No one is exempt from waiting.

As the world continues to grapple with a global health pandemic, we are all waiting.

Waiting for it to be over.

Waiting for a vaccine against coronavirus to become available.

Waiting for restrictions to be lifted.

Waiting to see family and friends again who have become separated from us due to travel restrictions and border closures. It’s a difficult time for everyone.

The freedom to do as we like, when we like, has been snatched from us. For many people adjusting to this new norm, of being in a permanent state of waiting, life is now almost unbearable.

Let’s just pause and take a moment to think about the changes COVID-19 has forced on all our lives.
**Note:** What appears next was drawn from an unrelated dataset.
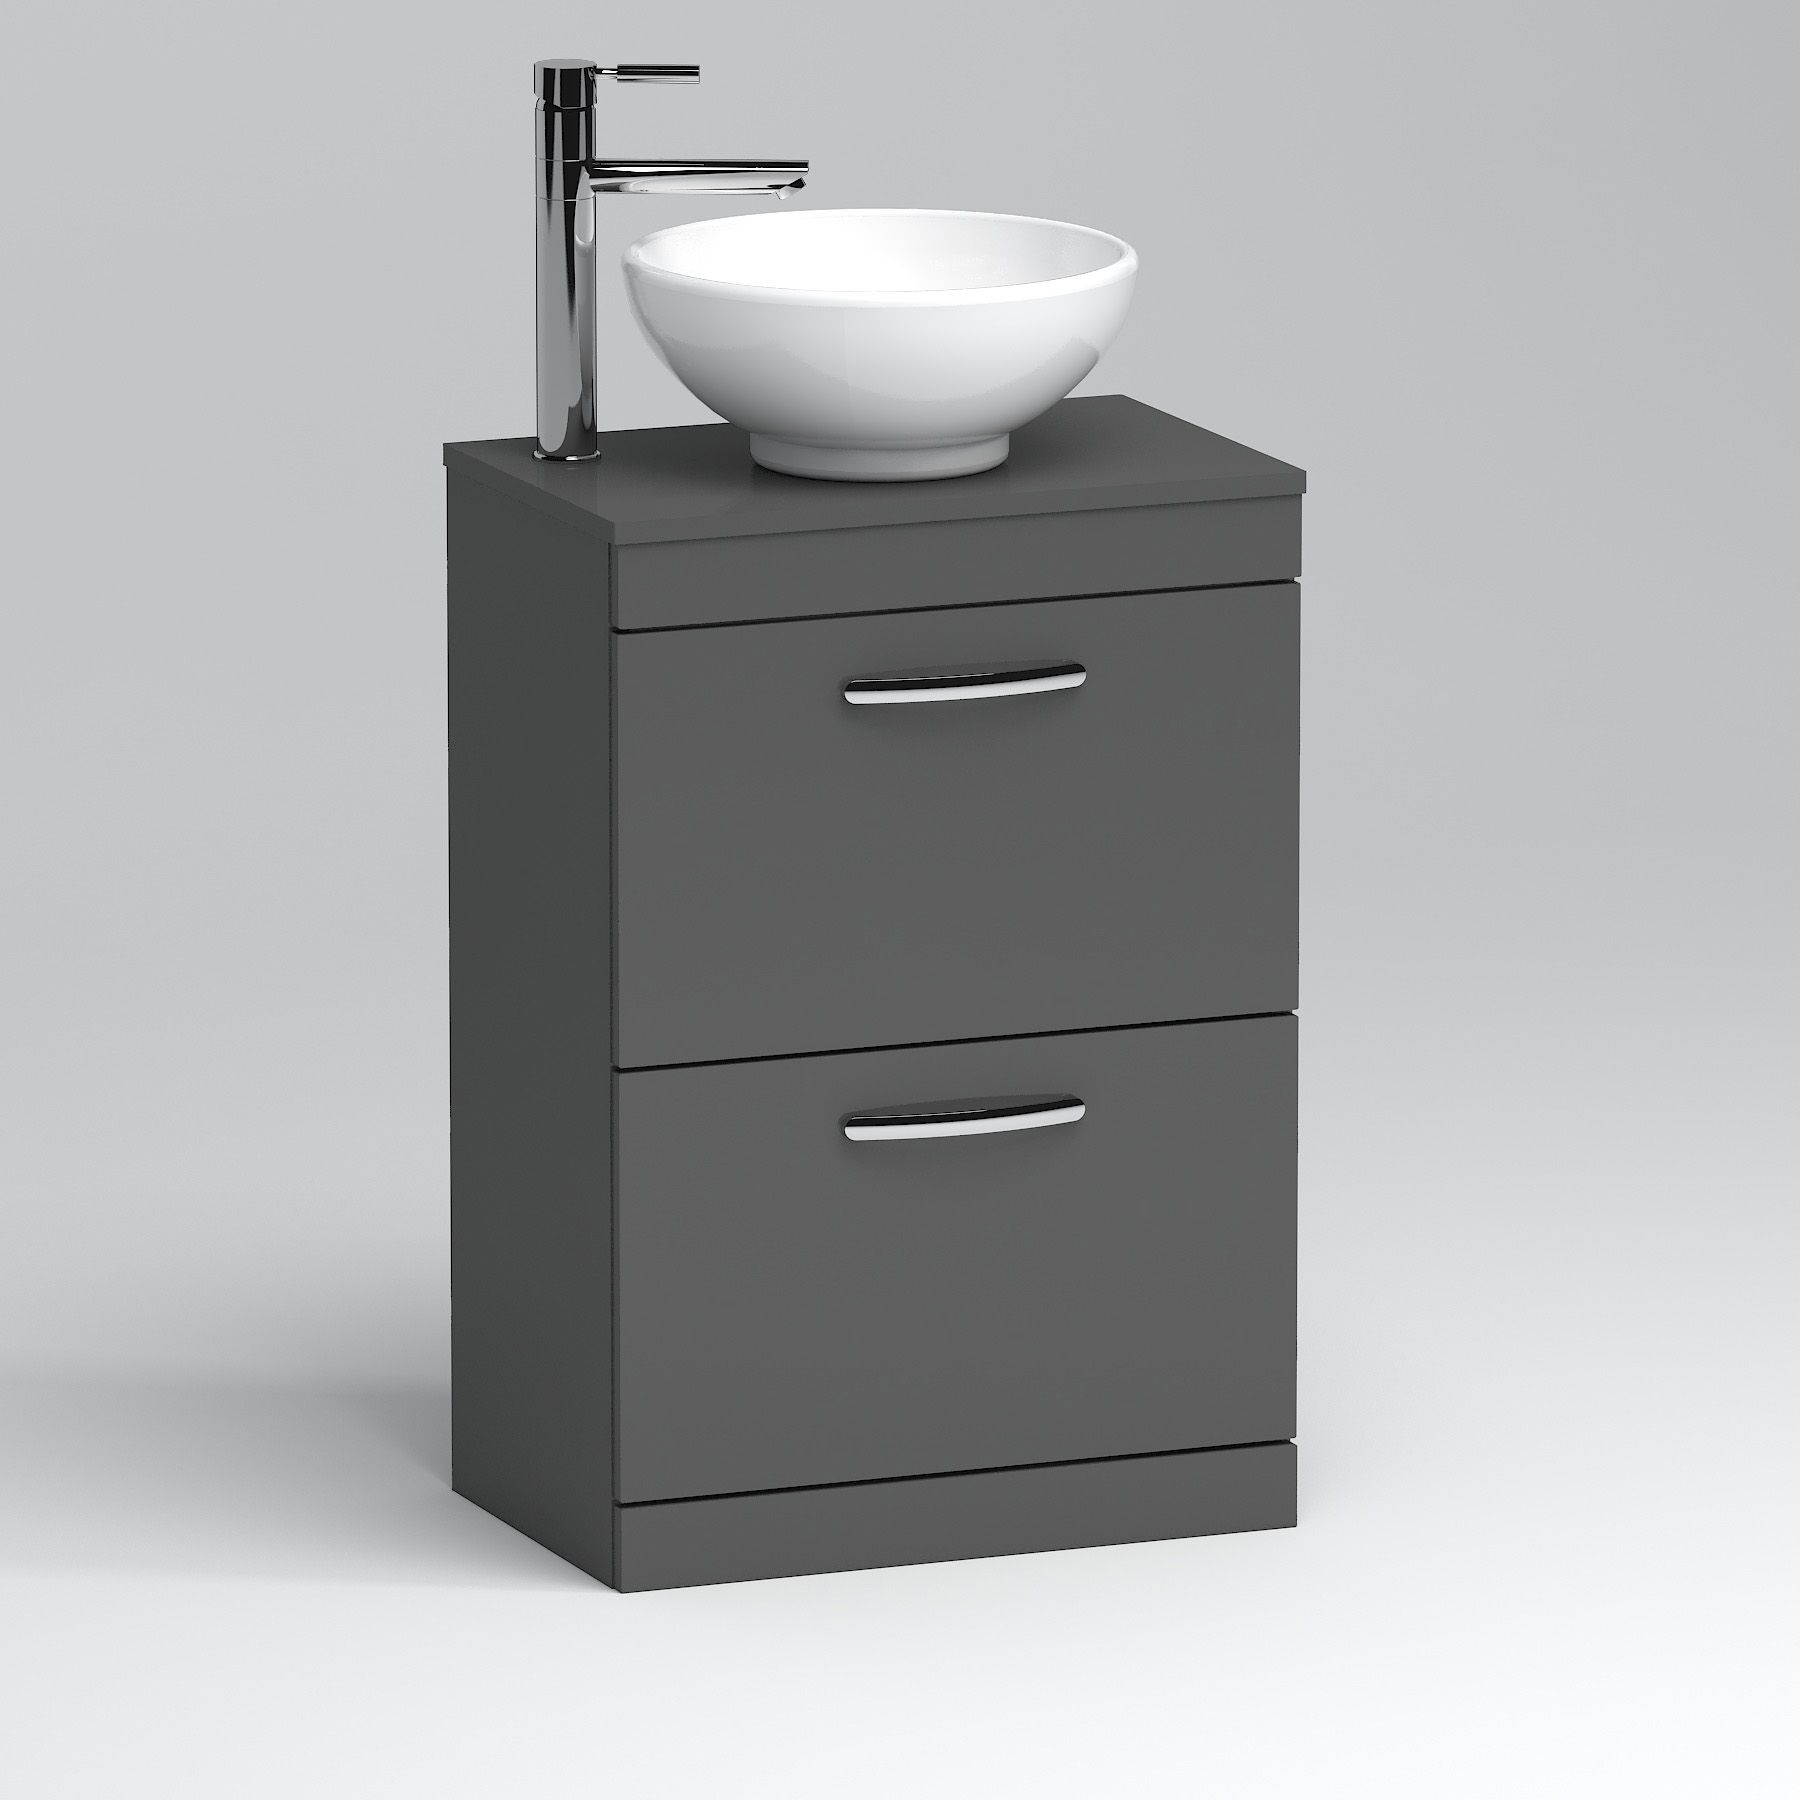 800mm Floor Standing Vanity Unit 2 Drawer Indigo Grey Gloss

The losses are real and the impact needs to be acknowledged, across all sectors of our society.

Let’s then step back for a moment to think about those living with chronic illness in the midst of this pandemic. How has it affected disabled people, those with chronic illness, the newly diagnosed, the carer looking after a loved one?
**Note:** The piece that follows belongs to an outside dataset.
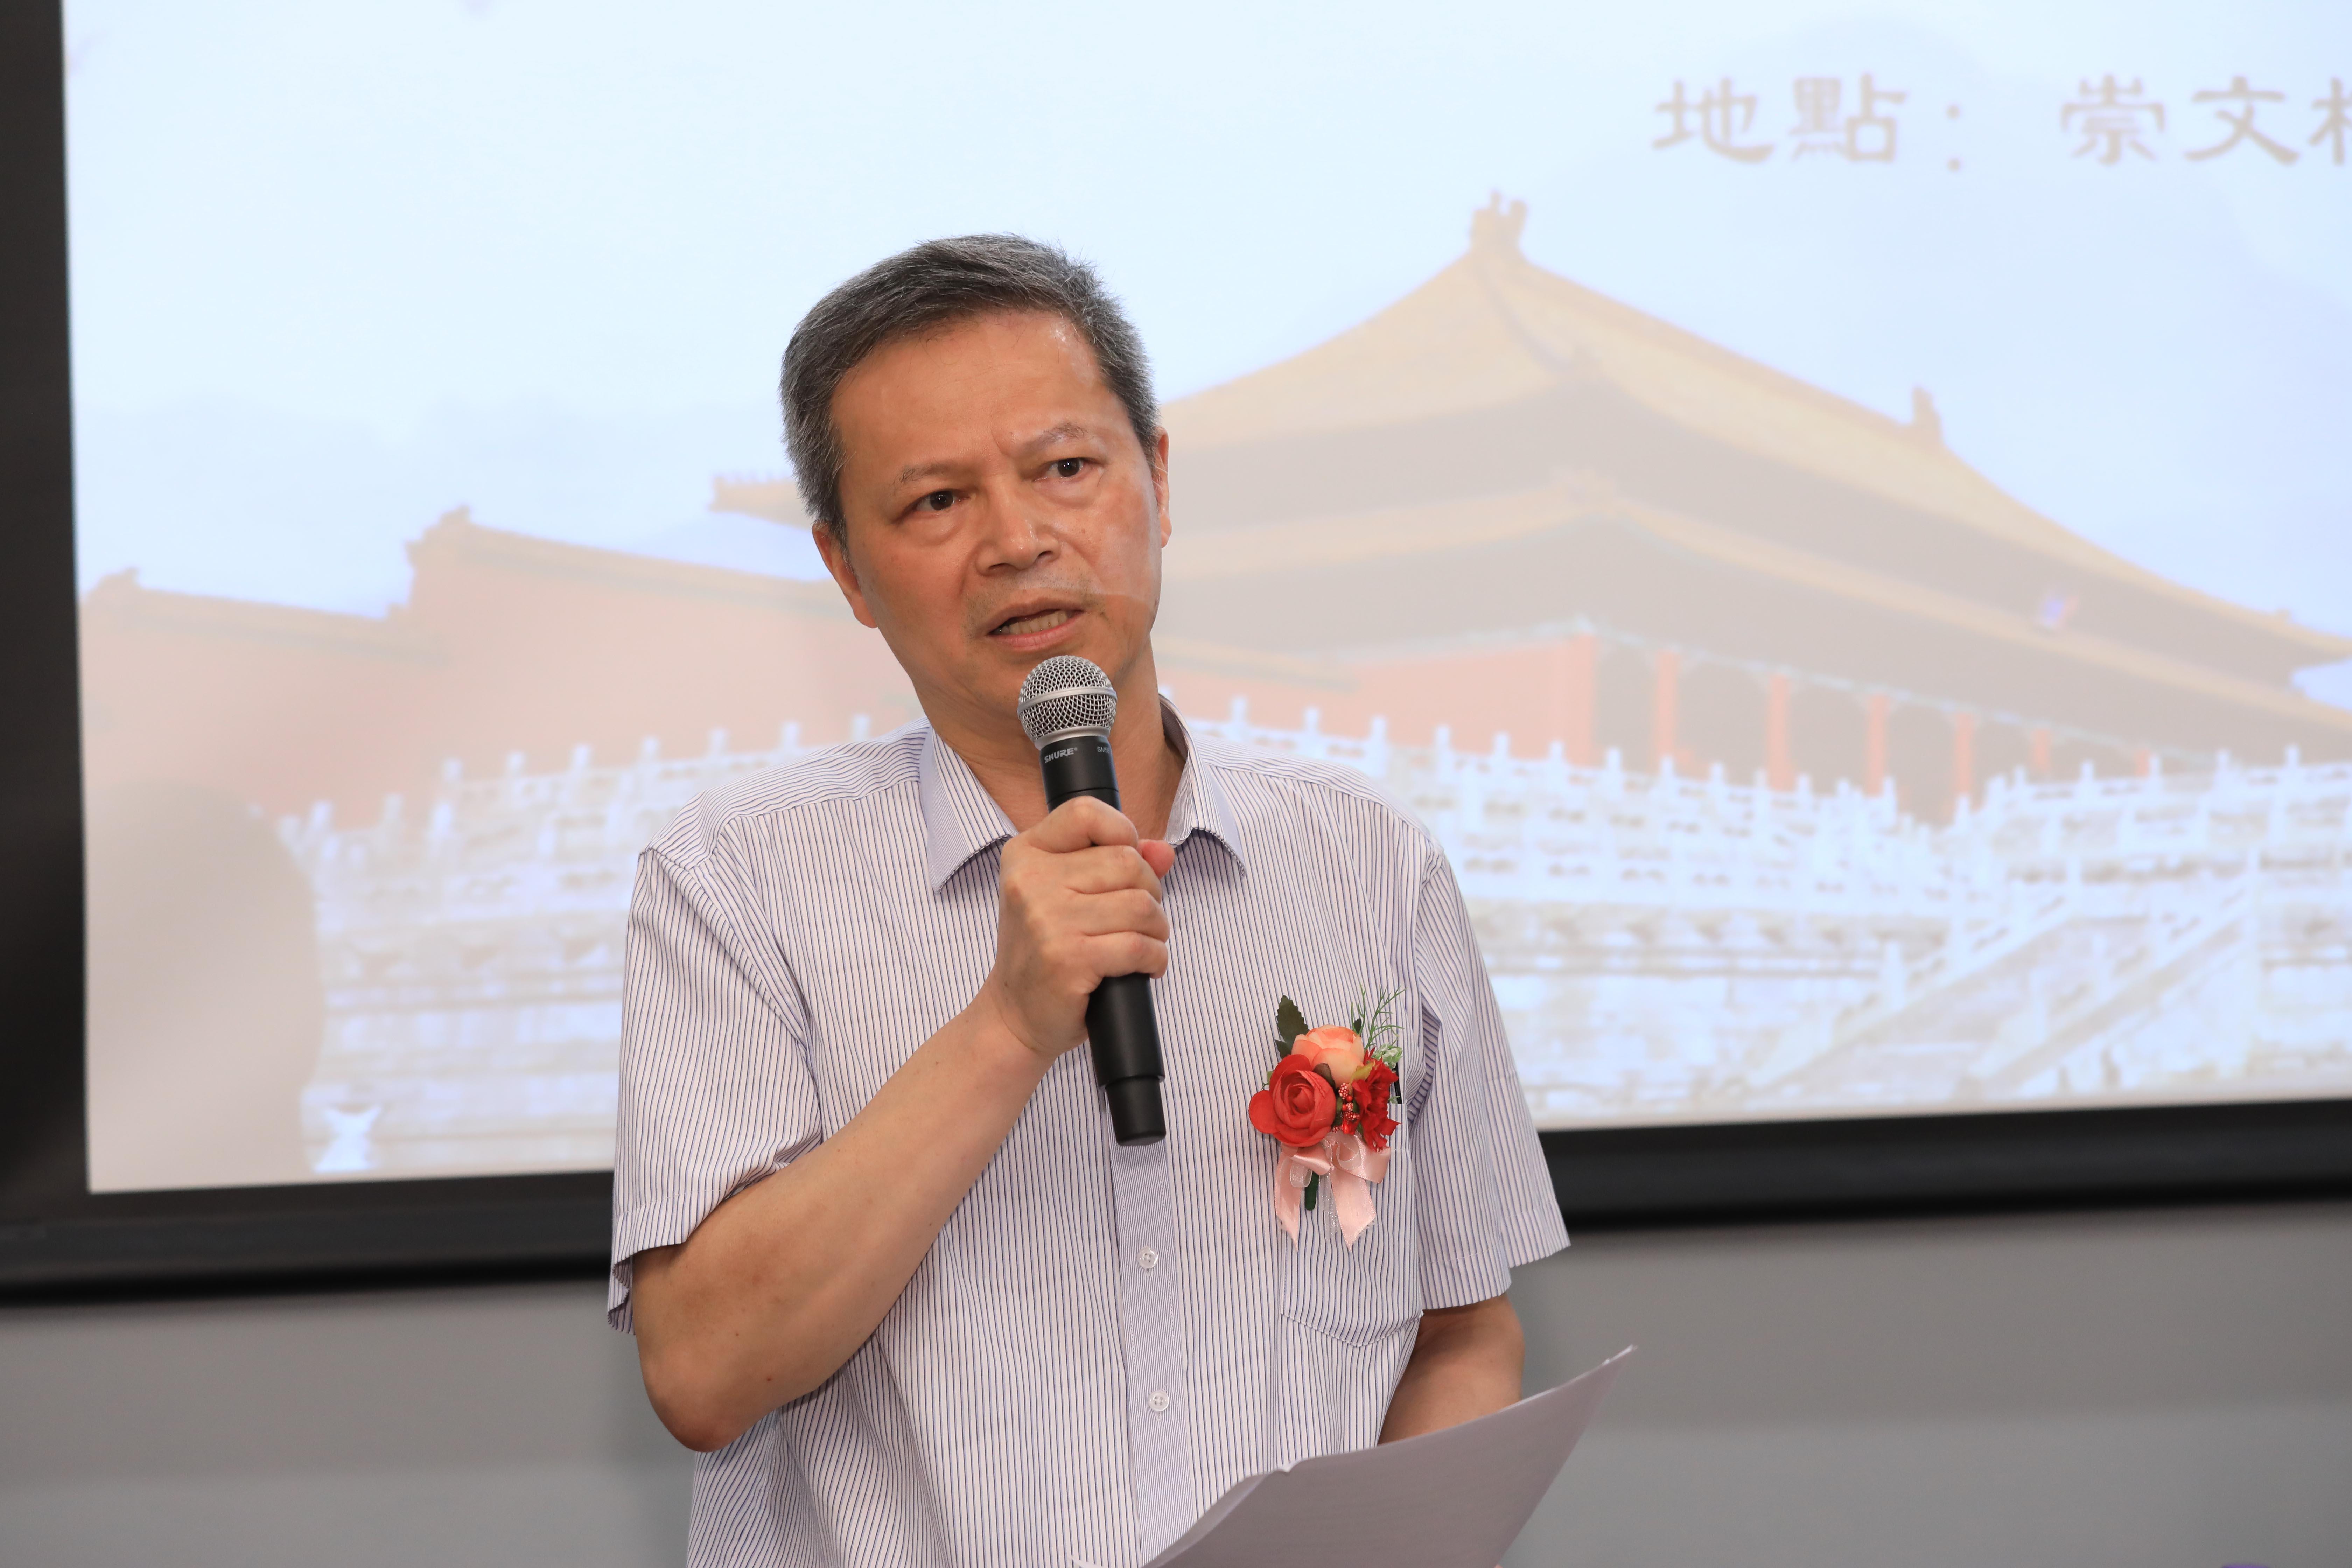 Prof Wang Di gives a keynote speech

The Neverending Waiting List

Those in the disabled and chronic illness community often have a “waiting list” which seems neverending, with or without a global pandemic.

Waiting requires us to dig deep to cope, now more than ever. It can ignite a range of emotions including, frustration, fear, worry, disappointment, anger, sadness and even excitement if waiting for good news.
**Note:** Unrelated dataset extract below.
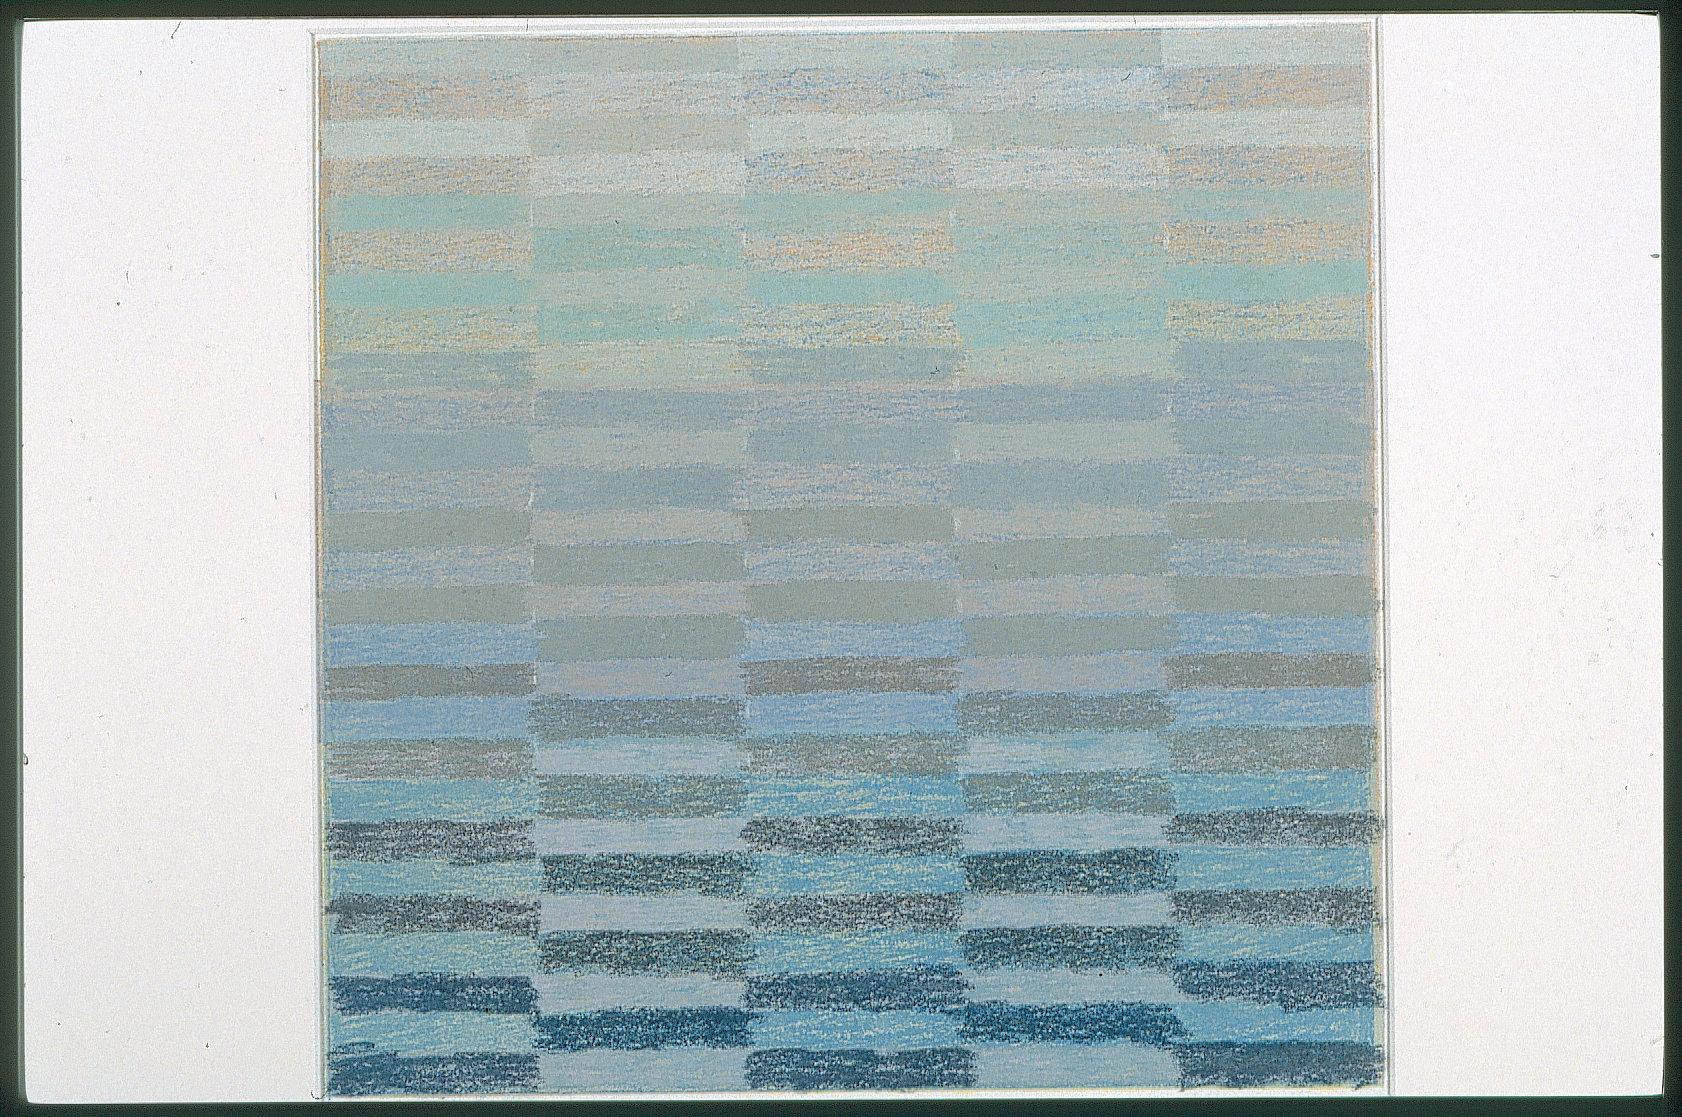 1999, Strip to Stripe, pastel on silkscreen, 27x27, Slide28.jpg

Some waitlist items may cause a mixture of feelings, combining fear and excitement. Fear because a loved one is so ill but excitement when signs of small improvement show.

To cope, we need to enlist a range of attitudes including patience, resilience, hope, faith, trust, determination and more. None of which are easy attitudes to perfect at the best of times.

I feel like my own waiting list is currently growing out of control on a daily basis. I need to find ways to cope while waiting. It’s so easy to become consumed and overwhelmed by the waiting list. Before we know it we can lose sight of areas of our lives not affected by waiting. We soon cease doing the things we can still do, and we inadvertently place areas of our lives in “unnecessary” lockdown.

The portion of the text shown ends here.